Example of a classification tree: Classification of a response variable into two classes (red and yellow) in the two-dimensional input feature space with a classification tree. The classification tree makes two splits on feature A and feature B and has three terminal nodes, representing the subgroups of the response variable.#
The first step in constructing a decision tree is to split the root node based on the predictor variable X into two daughter nodes to improve the homogeneity of the response variable Y in each daughter node compared to the root node. Maximizing the homogeneity of the response variable Y is equivalent to minimizing the node impurity in both daughter nodes. The node impurity for a classification problem with K classes can be measured by different impurity indices. The most popular impurity index is the gini index with values between 0 and 1. Small Gini index values indicate a more pure node than higher gini index values. This splitting step is repeated with the two daughter nodes, which now become internal nodes, to successively improve the homogeneity of the response variable in each daughter node until we reach a predefined stopping criterion. A natural stopping criterion is the node purity, where the tree is grown until the terminal nodes are homogeneous, hence all members in a terminal node belong to the same class. This however, often leads to model overfitting, because the model starts being too complex and tends to learn the noise in the data as well. An appropriate stopping criterion serves the purpose of finding a balance between too complex models, which overfits the data, and too simple models, which underfits the data, both leading to a high generalization error.
The constructed decision tree can then be used to predict the class of a new unseen observation: start at the root node, drop the new observation down the left or right daughter node, depending on its value of the predictor variable that was used at that split, repeat until a terminal node is reached.

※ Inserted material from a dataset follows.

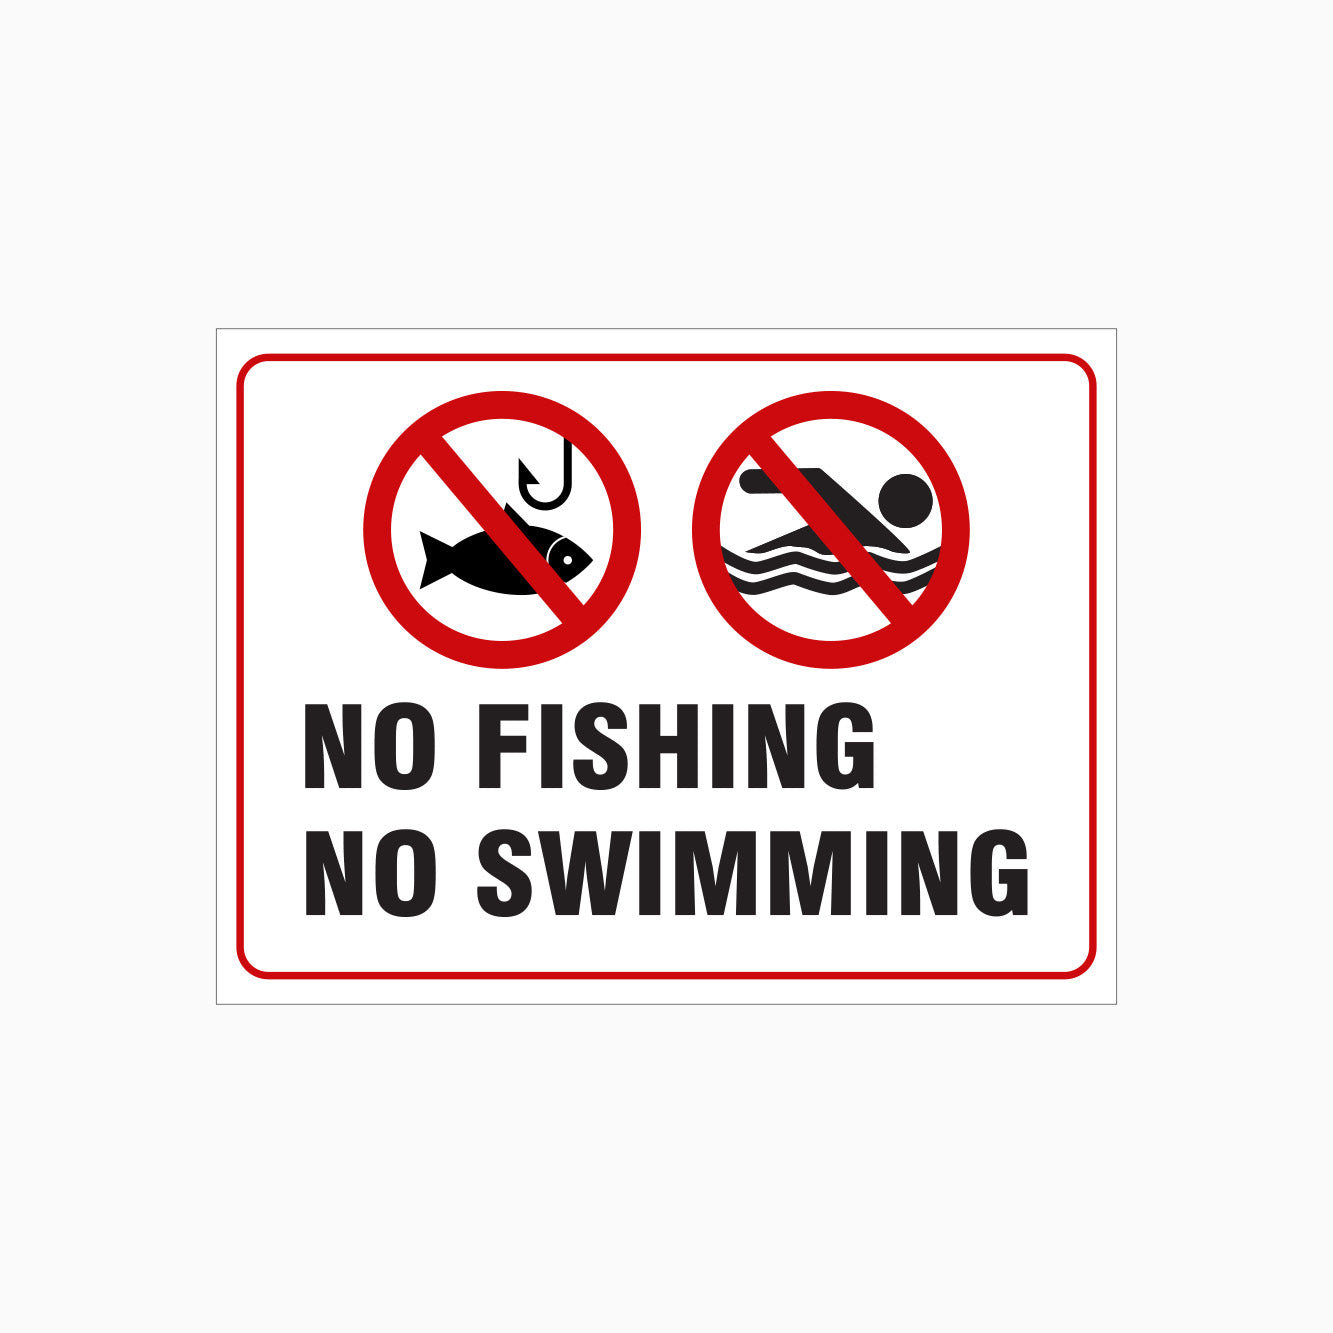 NO FISHING SIGN - NO SWIMMING SIGN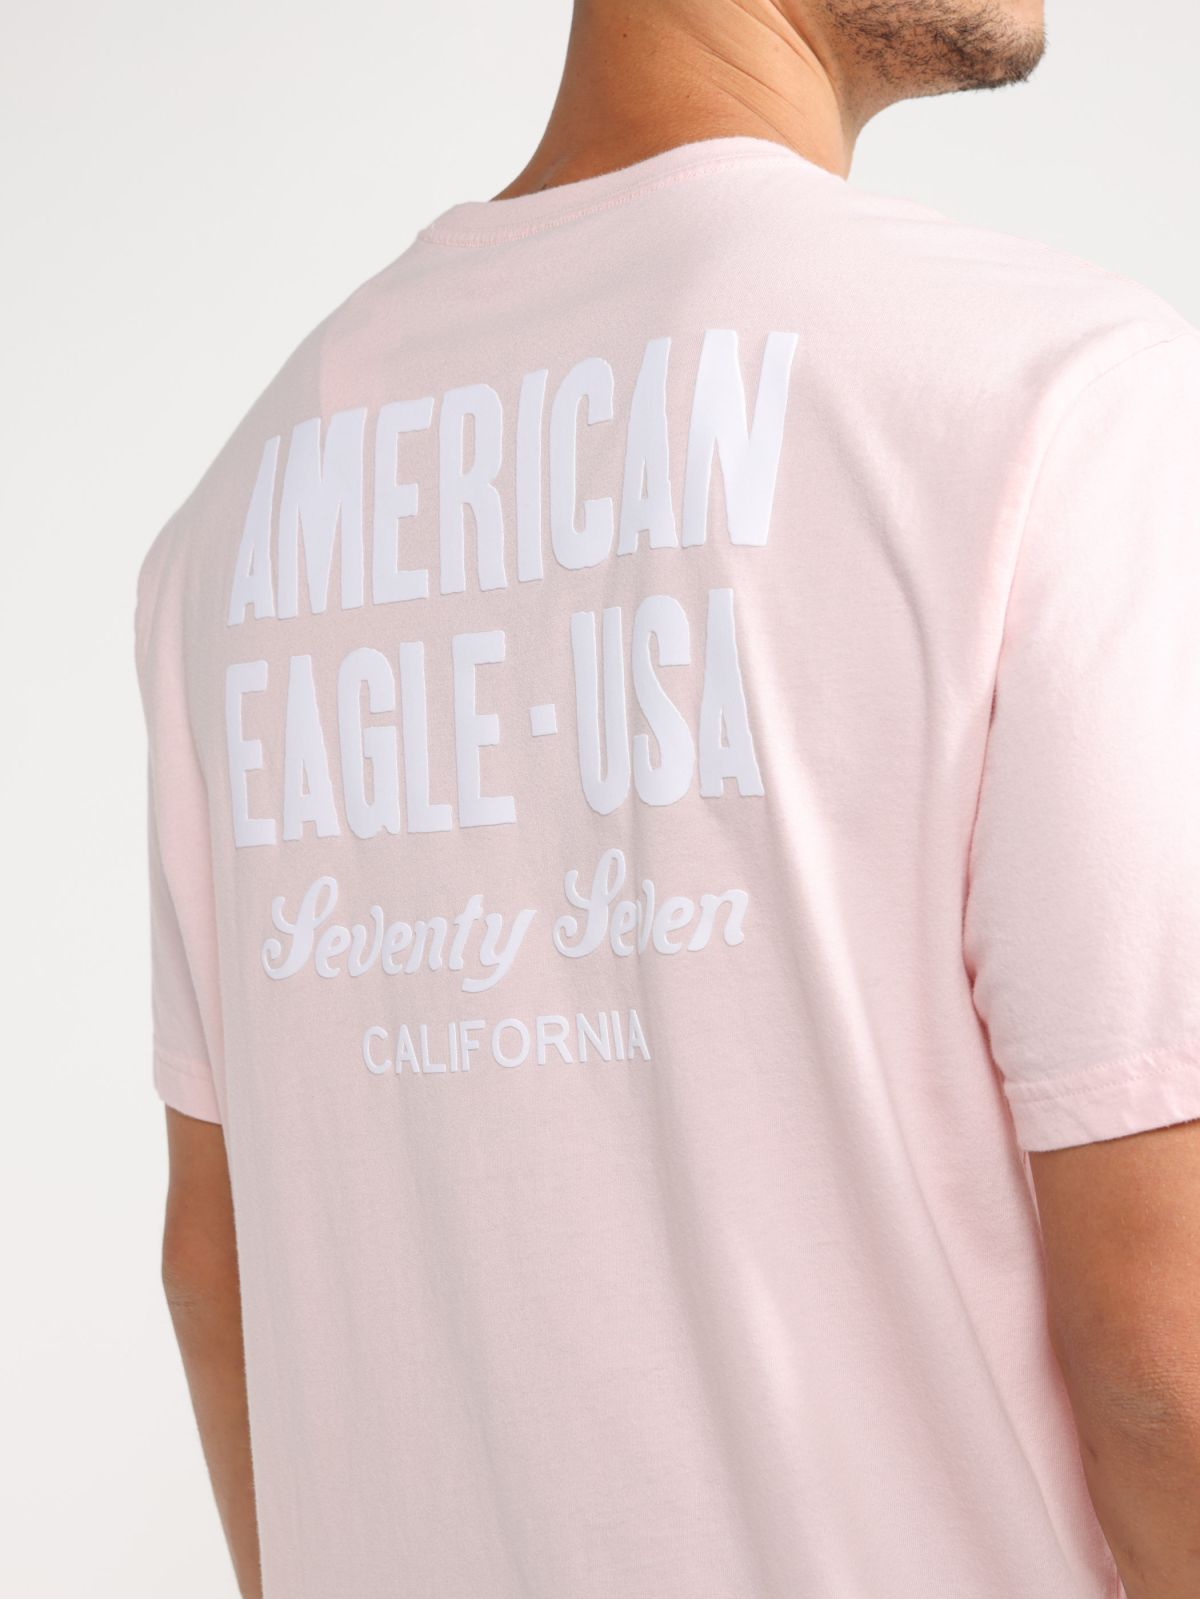  טי שירט עם לוגו של AMERICAN EAGLE

For each new observation that falls into a certain terminal node we will make the same prediction, which is the majority class of the response values y in that terminal node.
Decision trees are very sensitive to changes in the input data and are prone to overfitting when constructing trees that are too complex. To avoid such problems one can build a model based on an ensemble of decision trees, trained on bootstrapped input data.
Ensemble Learning#
The predictive performance of weak ML models like decision trees can be improved by a technique called ensemble learning, which combines a group of weak predictor models, to form a strong ensemble learner. The idea behind ensemble learning is to improve the predictive performance by reducing the variance of the predictor. Common methods for ensemble learning are Bagging (Bootstrap Aggregation), Boosting or Randomization. Here, the focus is on Bagging, a method introduced in 1996 by Breiman et al. (Breiman, 1996) that can be used to aggregate multiple decision trees to form a strong ensemble and is used in the machine learning algorithm Random Forest.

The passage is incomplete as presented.